77) OFT-00346 or OFT-350??? – HSPE1 and ODF1. Both de novo… Was paternity confirmed?? And maternity as well, this could be an adopted child. Anyway, evidence for causality of these variants is very weak.
88) OFT-215 – PYKFYVE c.5844+3A>G is a good candidate, but it was inherited from an unaffected mother, whereas the pathogenic variant reported by Mei S. et al. is fully penetrant…
99) OFT-235 – CHMP4A. This is a very good candidate! My suggestion to the authors is to put this finding in Gene Matcher.
Quality of Englis is not bad but it would need some editing
Author Response
Thank you very much for reviewing the manuscript. Below are the changes made following the reviewers' suggestions.
Author Response File: Author Response.docx
Reviewer 3 Report
Authors conducted an interesting study to find potential candidate genes in Spanish families with non- syndromic pediatric cataracts using whole exome sequencing (WES). They could find a genetic diagnosis in 10% of the families studied and reported several possible causative genes involved in cataracts in 35% of their cohort. However, they could not identify obvious findings in 55% of their families. Moreover, they proposed LONP1, ACACA, TRPM1, CLIC5, 47 HSPE1, ODF1, PIKFYVE, and CHMP4A as potential candidates.
However, it is recommended to consider following comments:
1- Regarding heterozygous mutations related to disease with AR pattern of inheritance, It is highly recommended to look for any reports of heterozygous mutation for these genes that could cause disease including cataracts. This could help strengthen their study with more evidence. Without any reports of heterozygous mutations involved in diseases, it cannot be possible to conclude the causative roles of them. To give an example, LONP1 is an ATP-dependent protease and chaperone that have multiple key roles in mitochondri and there is a report of a patient with heterozygous for a de novo mutation in LONP1: c.901C>T,p.R301W who presented seizures, encephalopathy, pachygyria and microcephaly.
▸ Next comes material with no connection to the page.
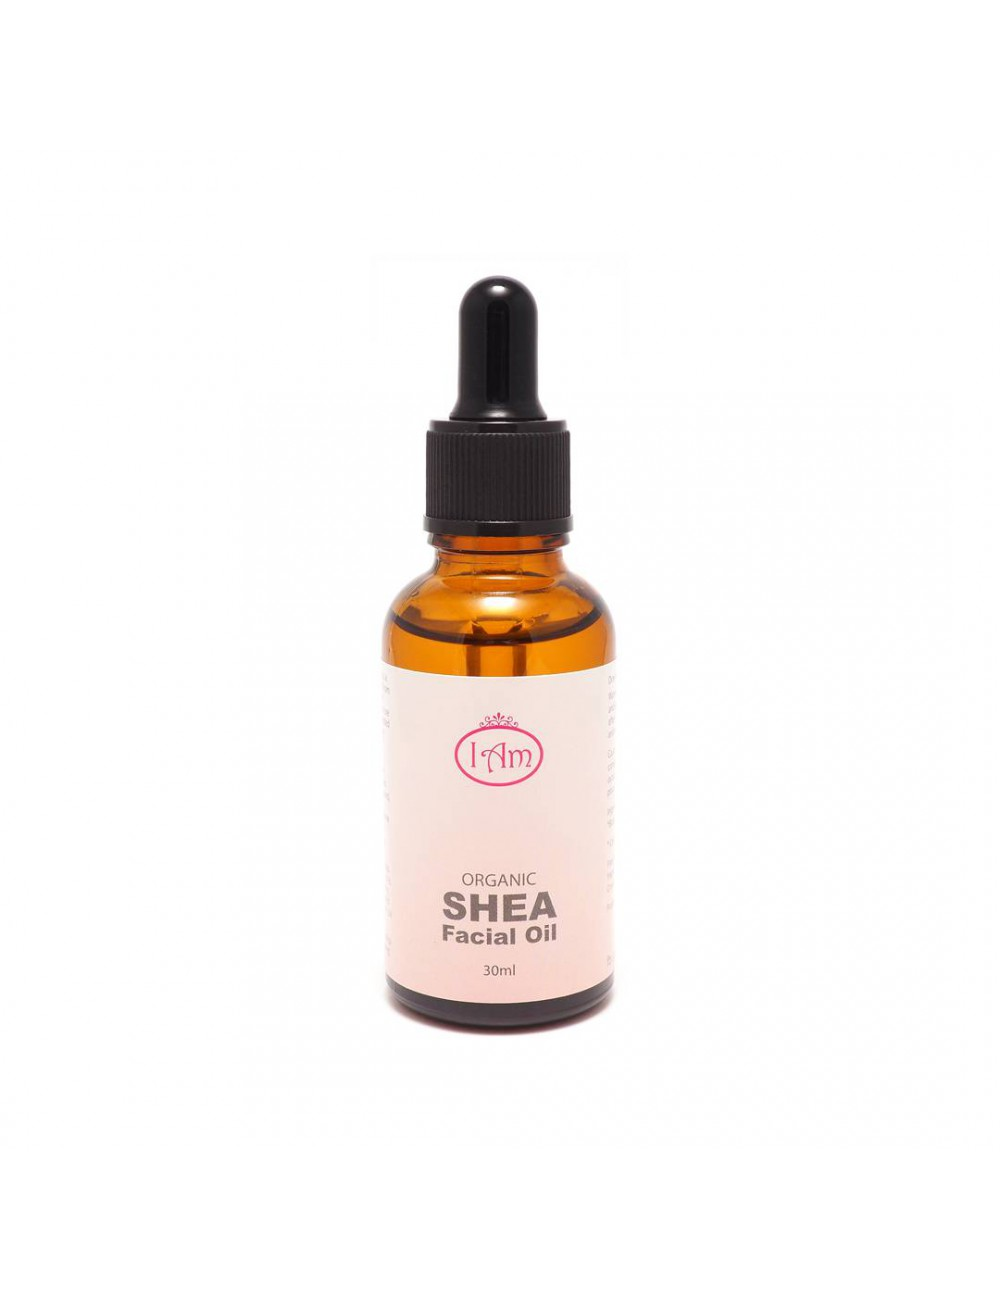 I AM Organic Shea Facial Oil 30ml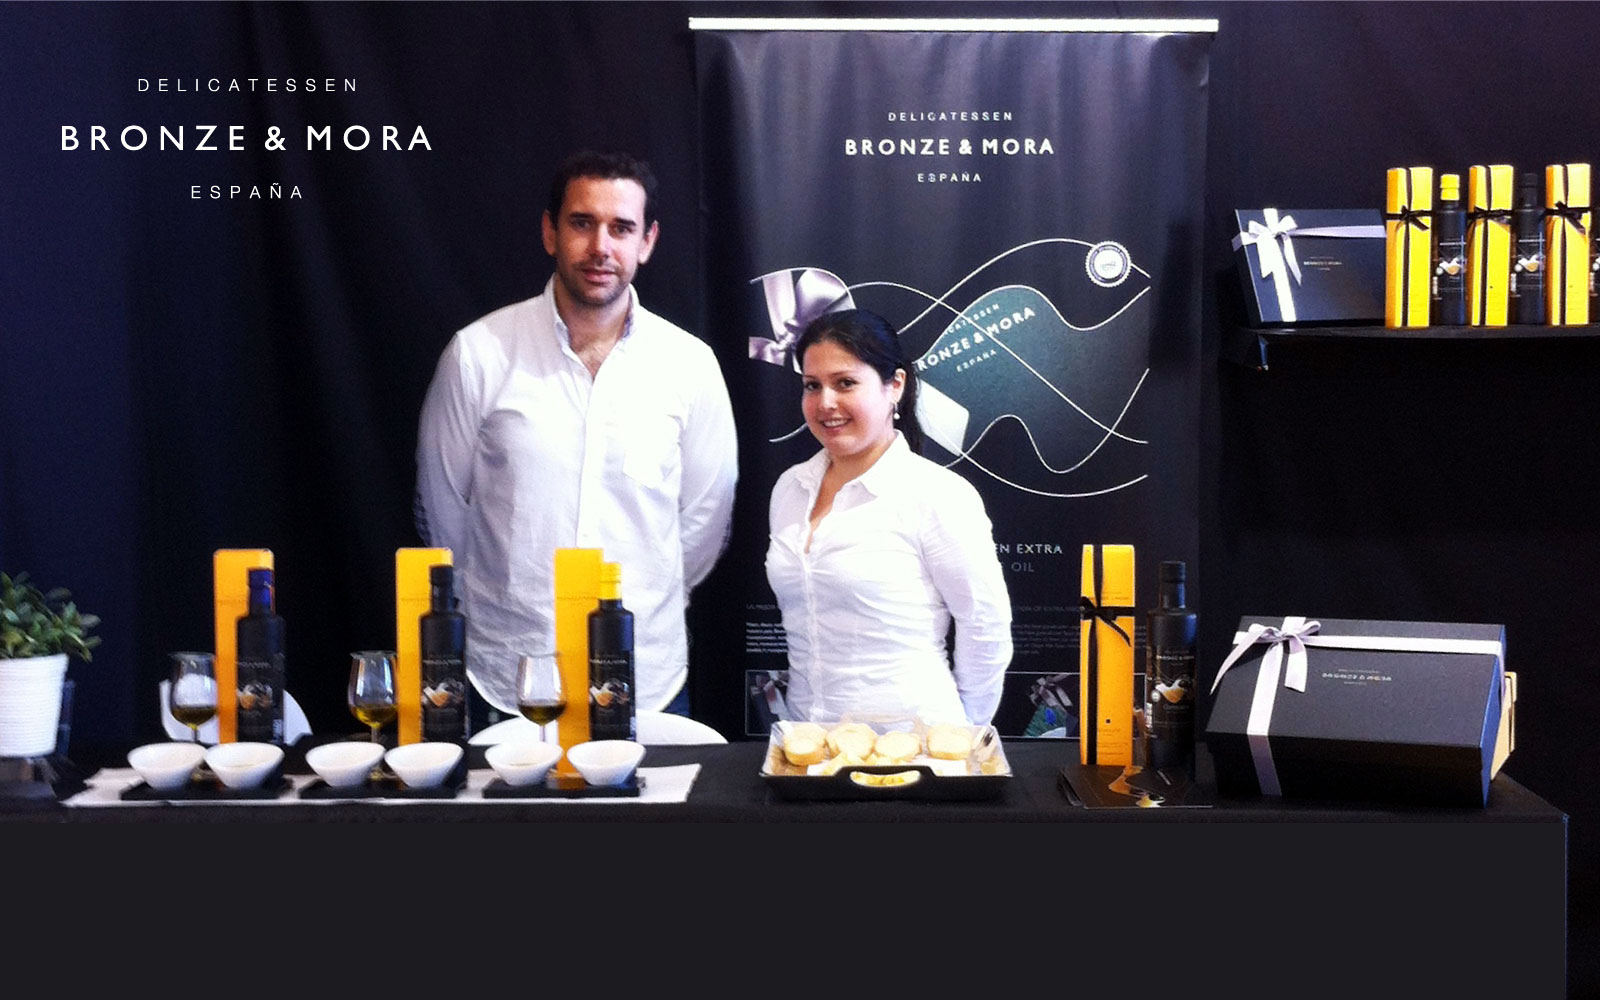 Feria-AOVE-costa-del-Sol-Bronze-&-Mora-el-mejor-aceite-de-oliva-virgen-extra-1

2- Some figures could be merged in one figure.
Author Response
Thank you very much for reviewing the manuscript. Below are the changes made following the reviewers' suggestions.
Author Response File: Author Response.docx
Round 2
Reviewer 1 Report
The article is well improved, can be accepted.
Minor editing of English language required.
Reviewer 3 Report
Authors made substantial changes to their manuscript and can be acceptable.